This seminar-style course will introduce the key ideas and techniques used in this emerging class of storage systems, such as standard and hybrid querying, approximate nearest neighbour search, cluster and graph-based indexes, liveness layers, disk-resident indexing, and quantization. We will also discuss recent papers on updatable indexes, GPU-based indexing, multi-tenancy, VDBMS architecture, and more.

Audience and Prerequisites

The course is intended for both those considering research on related topics, as well as those merely curious about this core component of modern AI applications.

In terms of background, the course should be suitable for CS grad students who has taken a third-year systems course or two during their undergrad studies (e.g., databases, operating systems, etc.). In other words you need some understanding of how systems are built, some hands-on experience in coding, and general knowledge of algorithms and data structures. There is no need for extensive prior background in machine learning, databases, distributed systems, or storage systems -- although such knowledge will help. Having said that, this is a graduate course: you will need to read and discuss scientific publications, and to conduct your research project. Thus you are expected to be able to conduct background research and be able to write code for your project.


News

Mar 30, 2025: Added project project evaluation checklist.

Mar 23, 2025: Explained the project showcase on last day.

Older News (click to open/close)

Feb 12, 2025: Updated lecture slides with more material, and added student slides.

Feb 1, 2025: Added slides and a short video about segmenting -- a popular technique used in many VDBMS.

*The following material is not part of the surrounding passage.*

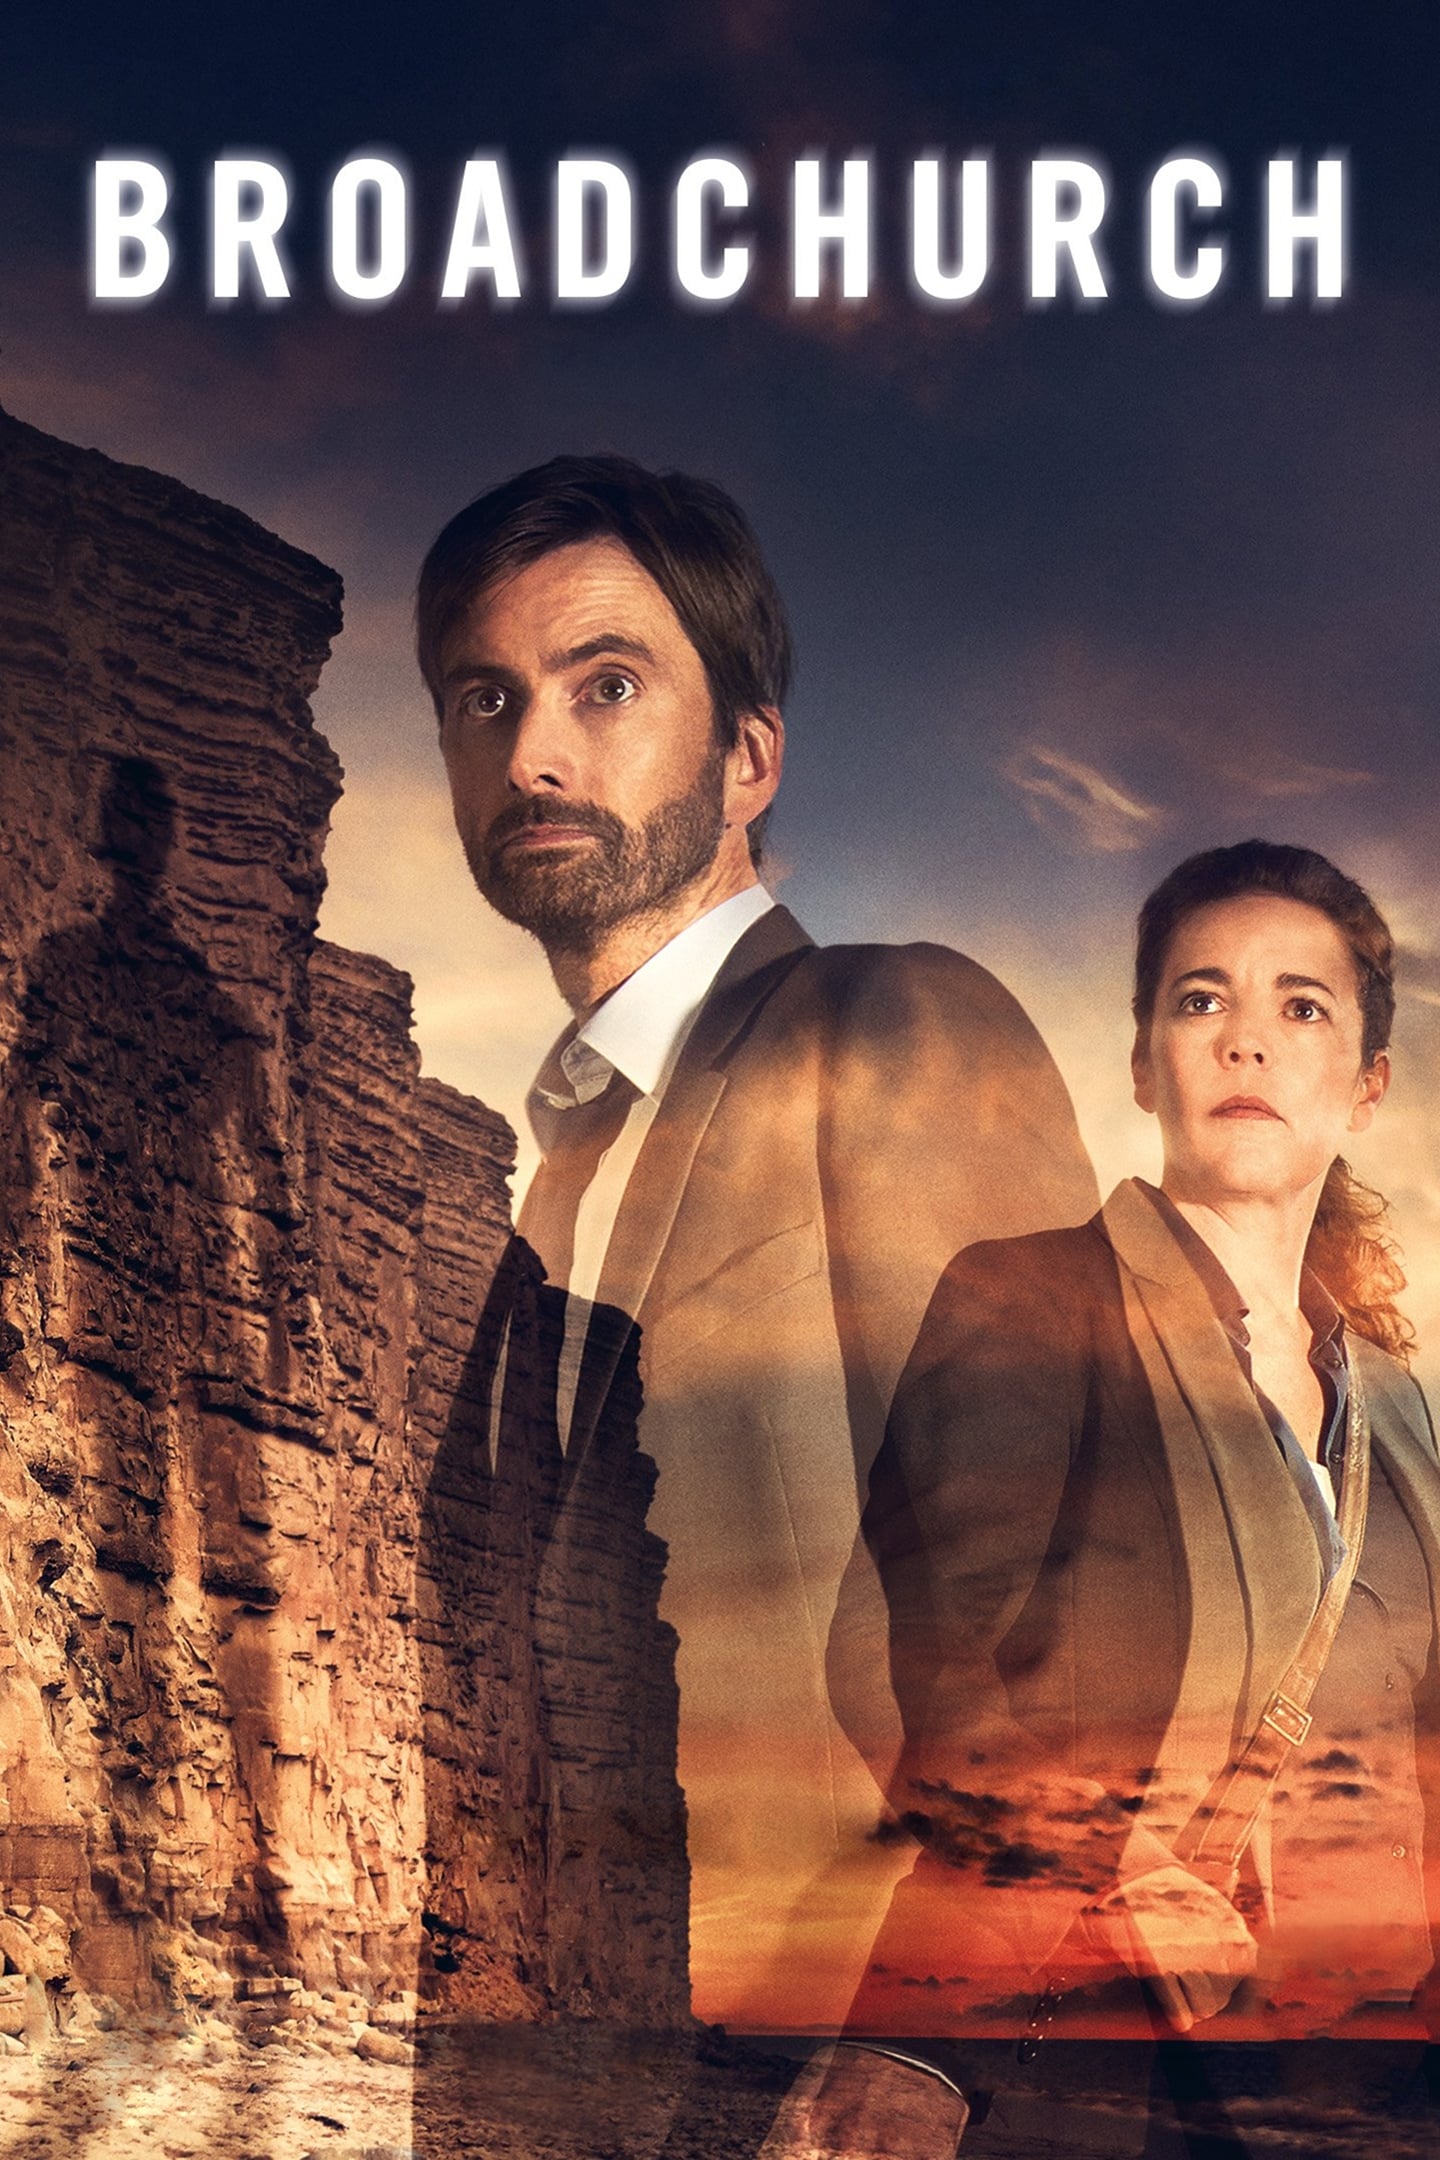 Broadchurch TV Shows About Seaside Town

Jan 22, 2025: week 3 slides + guidelines and tips for presentation are now available

Jan 20, 2025: Bidding begins!

Bidding via HotCRP now takes place, ends on Jan 24. See details in Piazza. Note we made a few small changes to the paper list, and it should now be final.

Jan 8, 2025: Welcome to CSC2233!

The course is officially open!

  • You can find lecture slides in the Schedule table. Today's slides are already there.
  • For those on the waiting list: you may yet have your chance if people drop (no guarantees!). Make sure to attend all classes in the meanwhile, and sign up to Piazza.
  • You are welcome to audit -- the classroom is large enough.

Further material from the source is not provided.